Each representation of the Lorentz group is equivalent to a representation of an $SU(2)\otimes SU(2)$. The vector representation in particular is a $(1/2,1/2)$ representation. The generators of the $SU(2)\otimes SU(2)$ group are $J_i^\pm = J_i\pm i K_i$; so for rotations the generators of the two groups are equal and given by the usual $SU(2)$ generators. So if you just add the two $1/2$ with the usual addition rules you find the $0 \oplus 1$ decomposition under rotations.

For a more physical interpretation of this, go in the center of mass frame: you have one degree of freedom $A^0$ that is left unchanged by rotations i.e. it is a scalar, and three degrees of freedom $\vec A$ that form a $SO(3)$ vector.

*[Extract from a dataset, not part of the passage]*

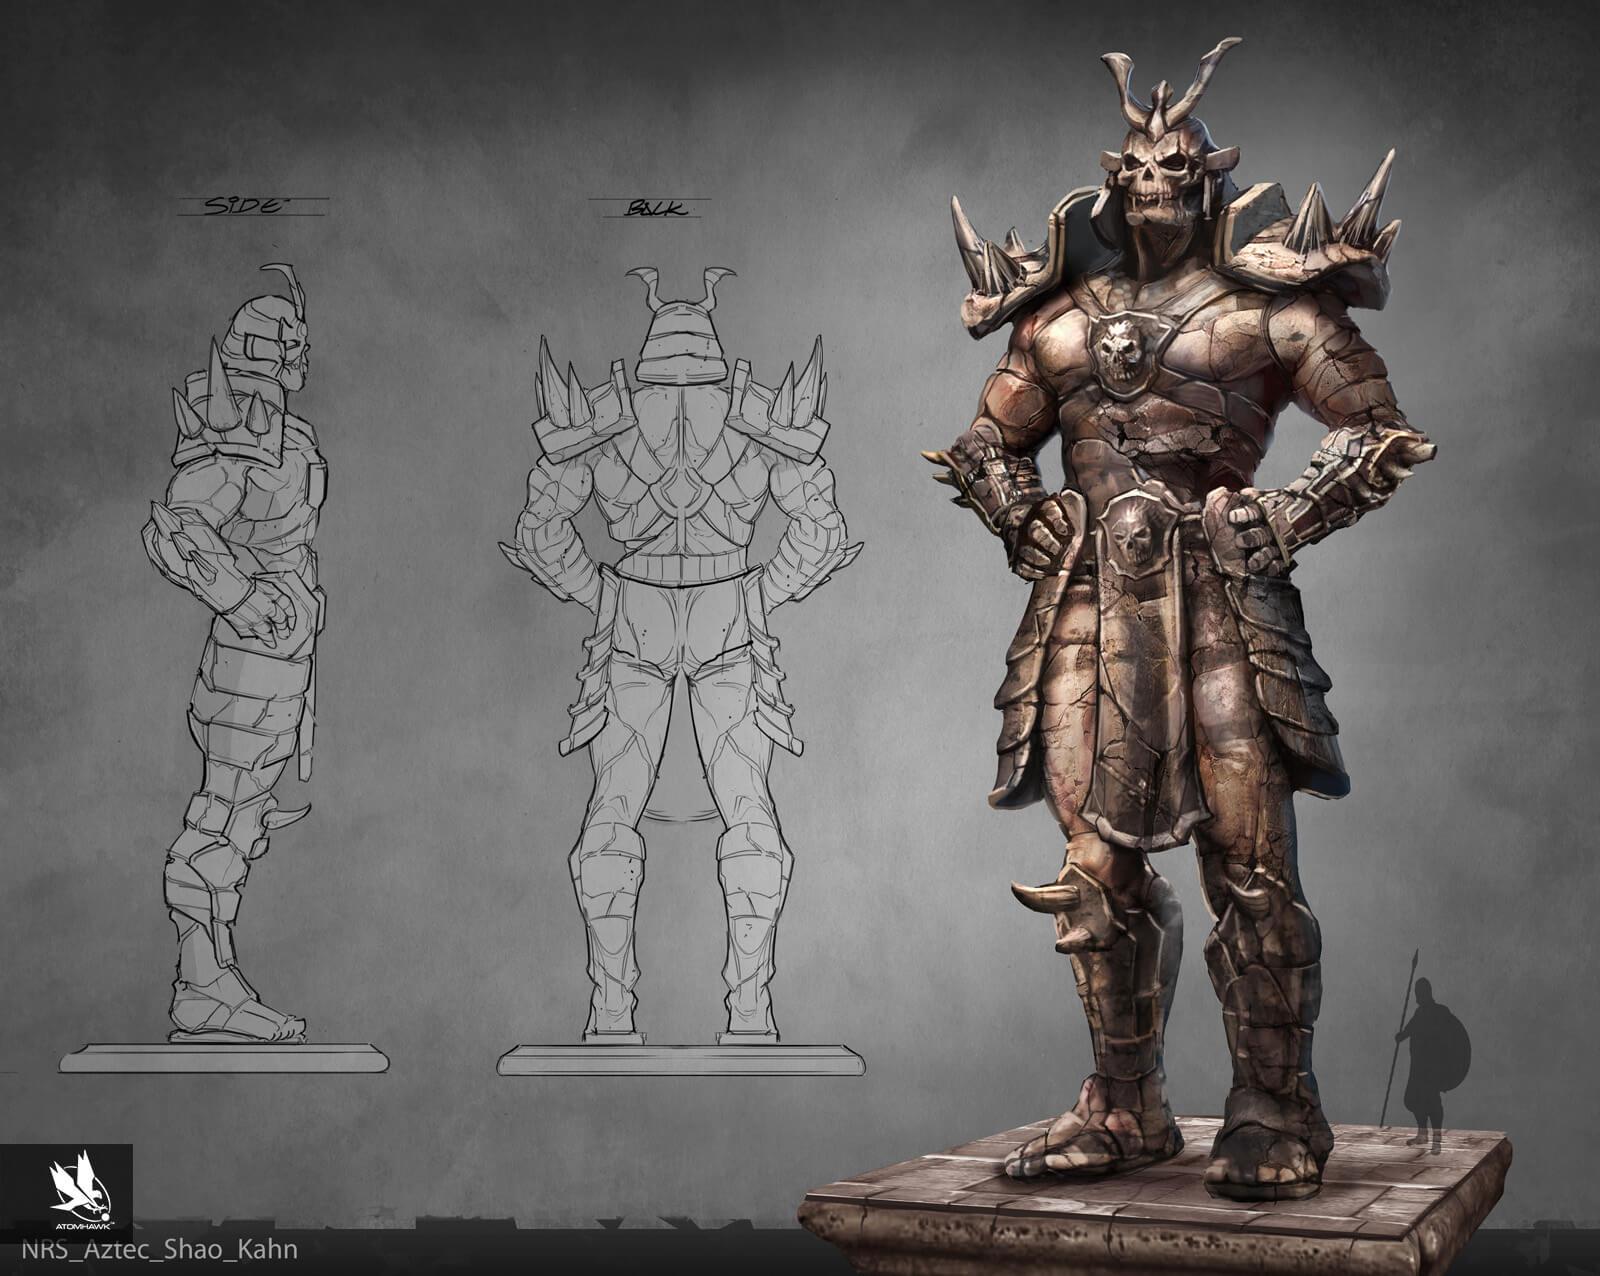 Atomhawk - Mortal Kombat X - Prop Design - Aztec Shap Kahn

It is not 100% true that "$A^\mu$ is itself a spin-1". What's true is that it contains a spin-1 representation and that's why you can use this field to describe spin-1 particles. From the Wigner-Eckart theorem this is a necessary condition to have non-zero matrix elements between the particle state and the field operator

$\langle0|A^\mu (x)|p,\lambda\rangle$

Answer 2 and 3

As also explained in the answer linked in the comment, that Lagrangian is equivalent to the sum of 4 independent Lagrangians for four independent scalar fields and one of these scalars appear with the "wrong" sign in the Lagrangian and you have states with negative energies. As it is also written a bit later in the book, just by looking at the equations of motion having four scalars or a 4-vector is exactly the same thing. Nothing is telling you that $A^\mu$ must transform in a particular way under a Lorentz transformation. Third problem is that you have too many degrees of freedom.

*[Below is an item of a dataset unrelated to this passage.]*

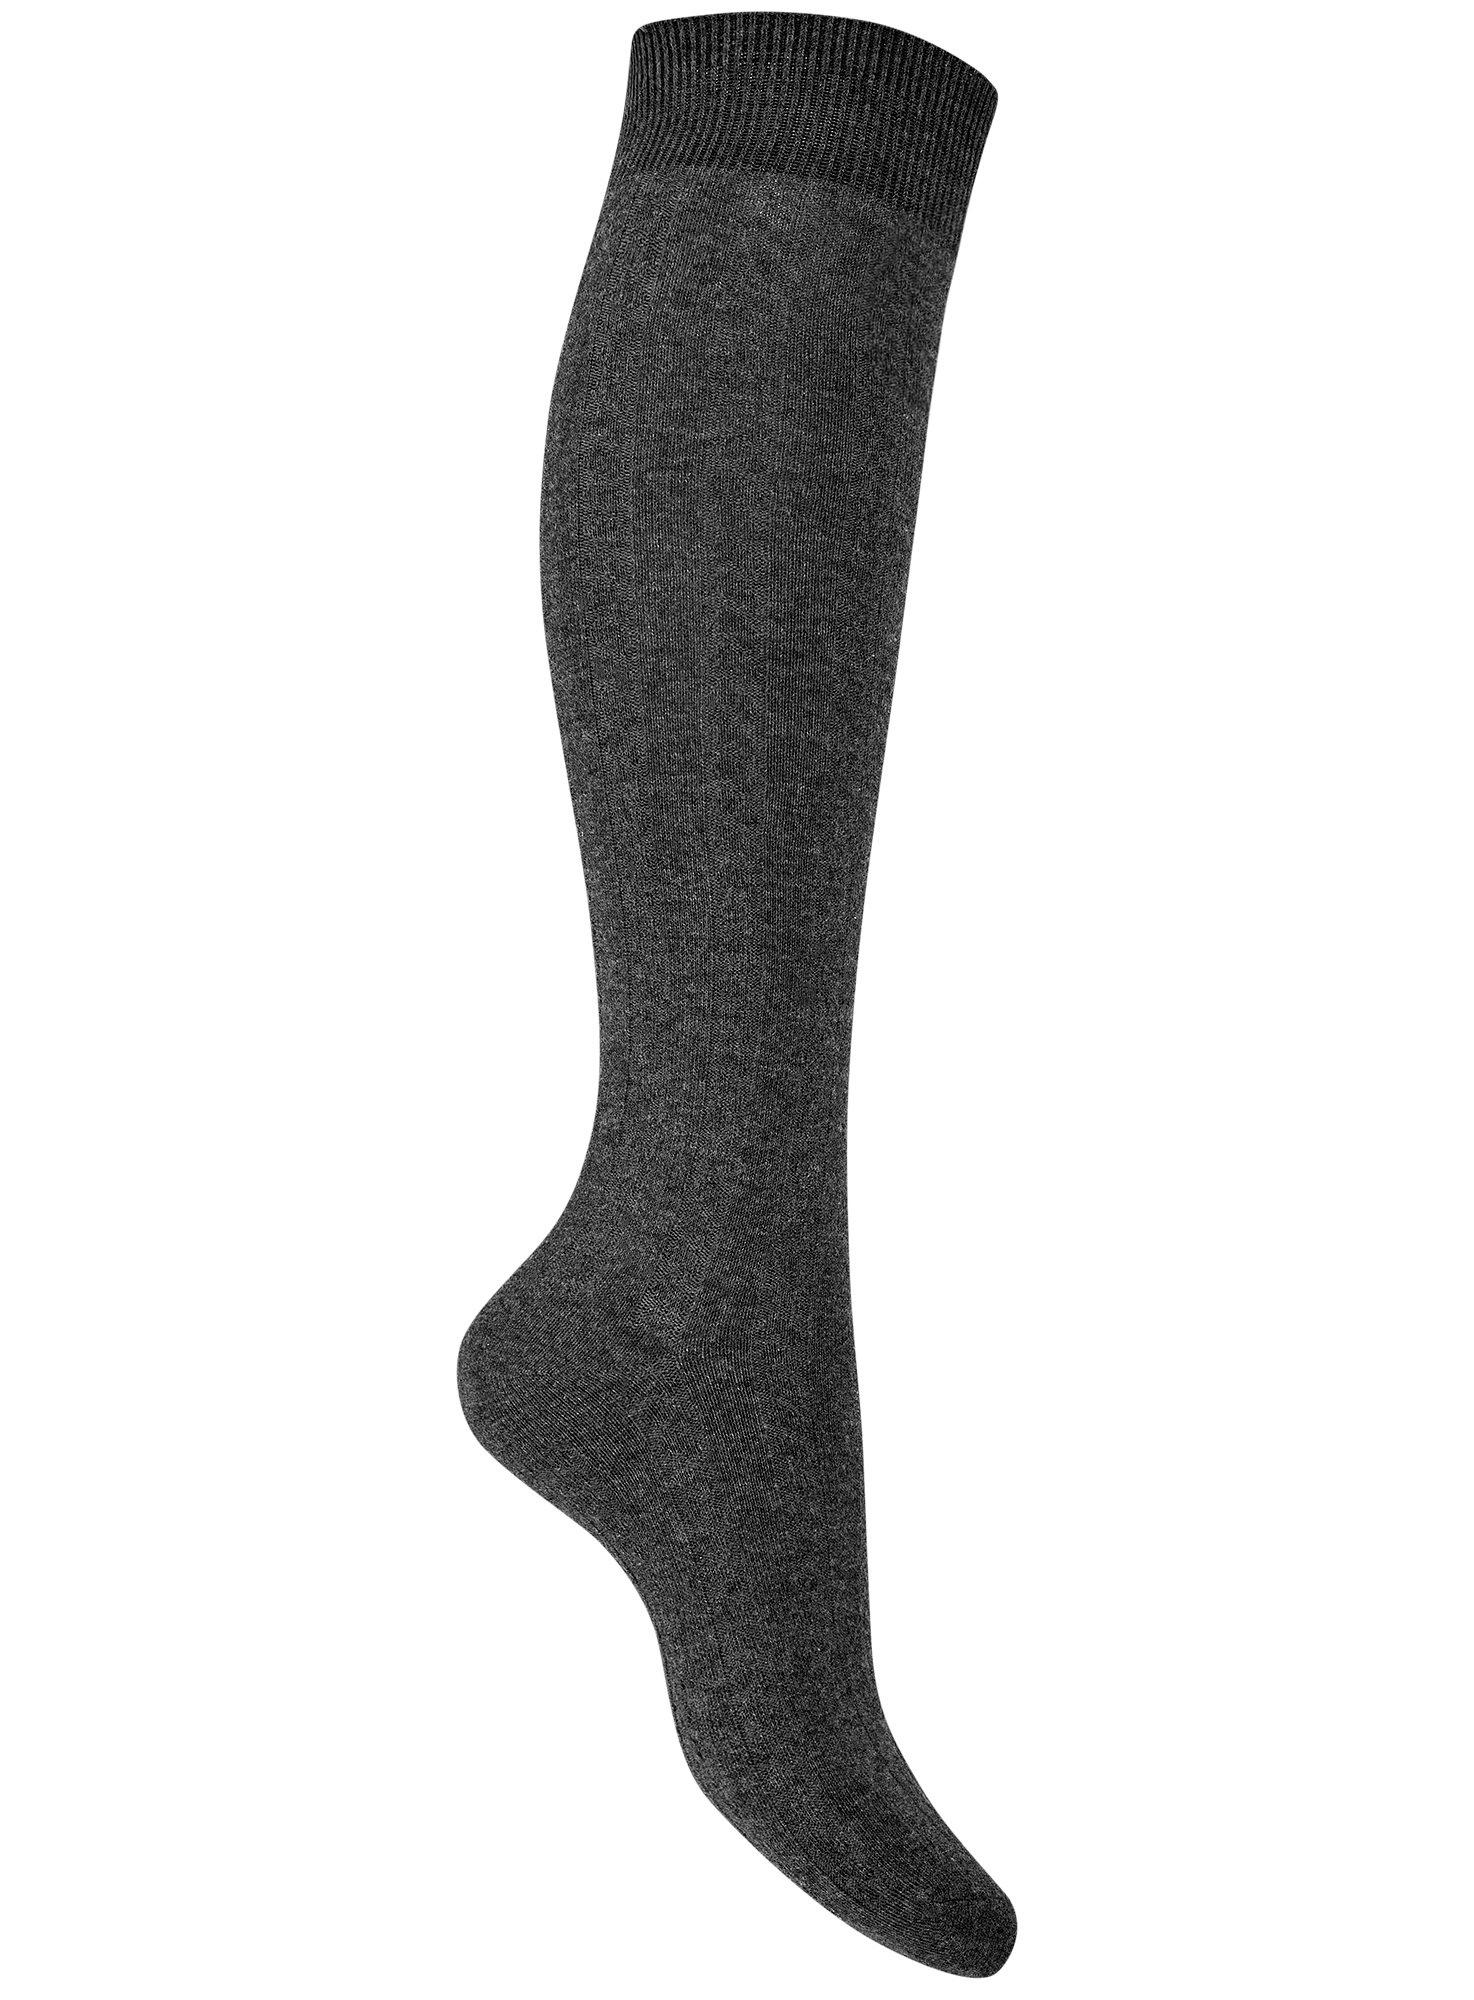 Гольфы с узором oodji для женщины (серый), 57104300-3/14608/2500M

The situation is different when you add the other term with the two mixed derivatives

$$A^\mu \partial_\mu \partial_\nu A^\nu$$

Under a Lorentz transformation you get two $\Lambda^{-1}$ matrices from the two partial derivatives. If the field then transforms as $A\to \Lambda A$ then those two matrices cancel out and you end up with what you started: that piece is Lorentz invariant. The Lagrangian that you had before was invariant even if under a Lorentz transformation $x\to \Lambda x$ but $A\to A$.

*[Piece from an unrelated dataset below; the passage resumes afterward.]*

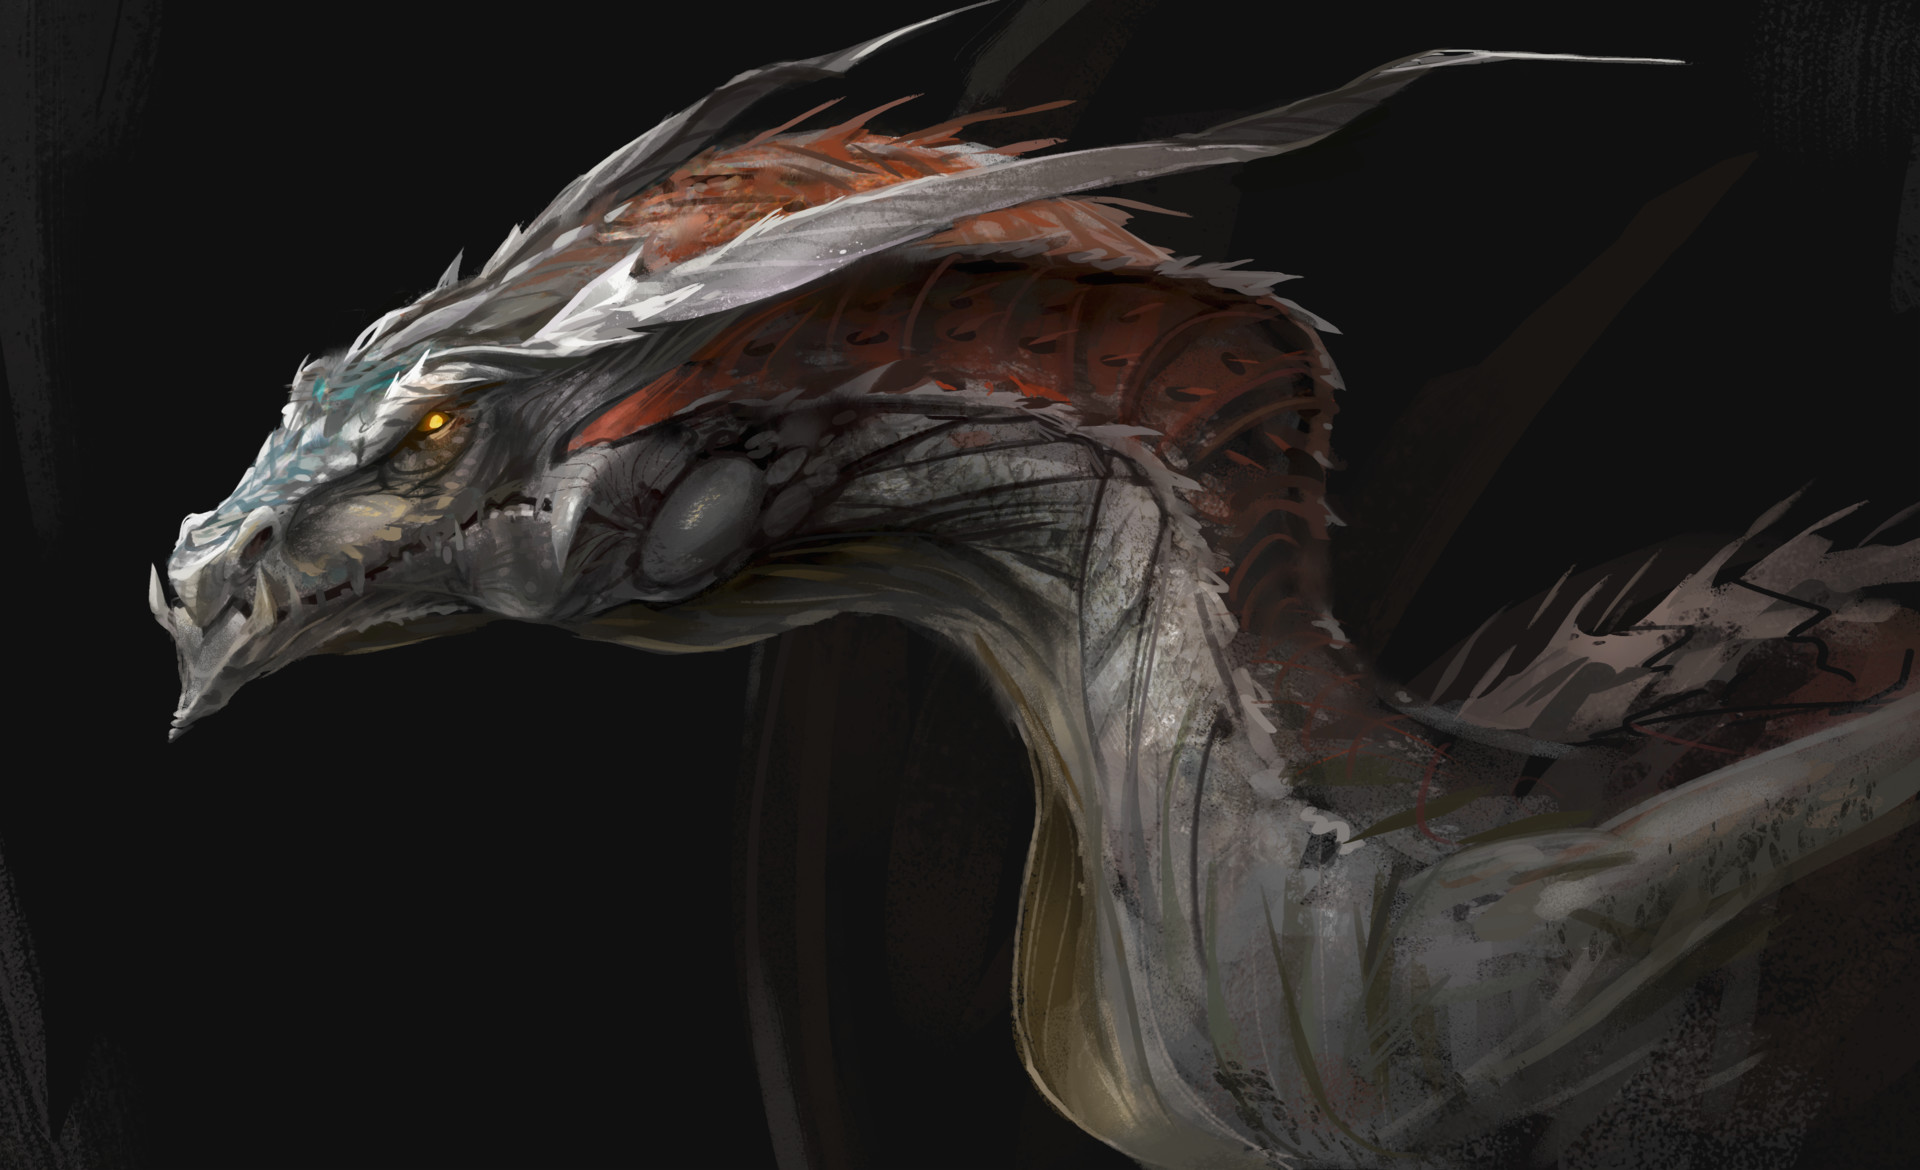 Izaak moody dragon concept 5

The point that you need to understand from that chapter is that the free equations of motion for fields are not something you can build by hand randomly or something you can play around with by adding new pieces or modifying old ones. Free equations of motion are 100% fixed by group theory. Even the more complicated looking equations, for example for a massive graviton, are just a sum of projectors on the right Poincaré representation needed for the particle you want to describe. In the vector case for example the equations of motion are equivalent to

$$(\square + m^2)A^\mu = 0 \\ \partial^\mu A_\mu = 0$$

In momentum space and in the center of mass frame ($p^\mu = (p^0,\vec 0)$), the first equation is telling you $p^2=(p^0)^2 = m^2$, while the second is $A^0 = 0$. That is you are projecting your field on-shell and keeping only the spin-1 component.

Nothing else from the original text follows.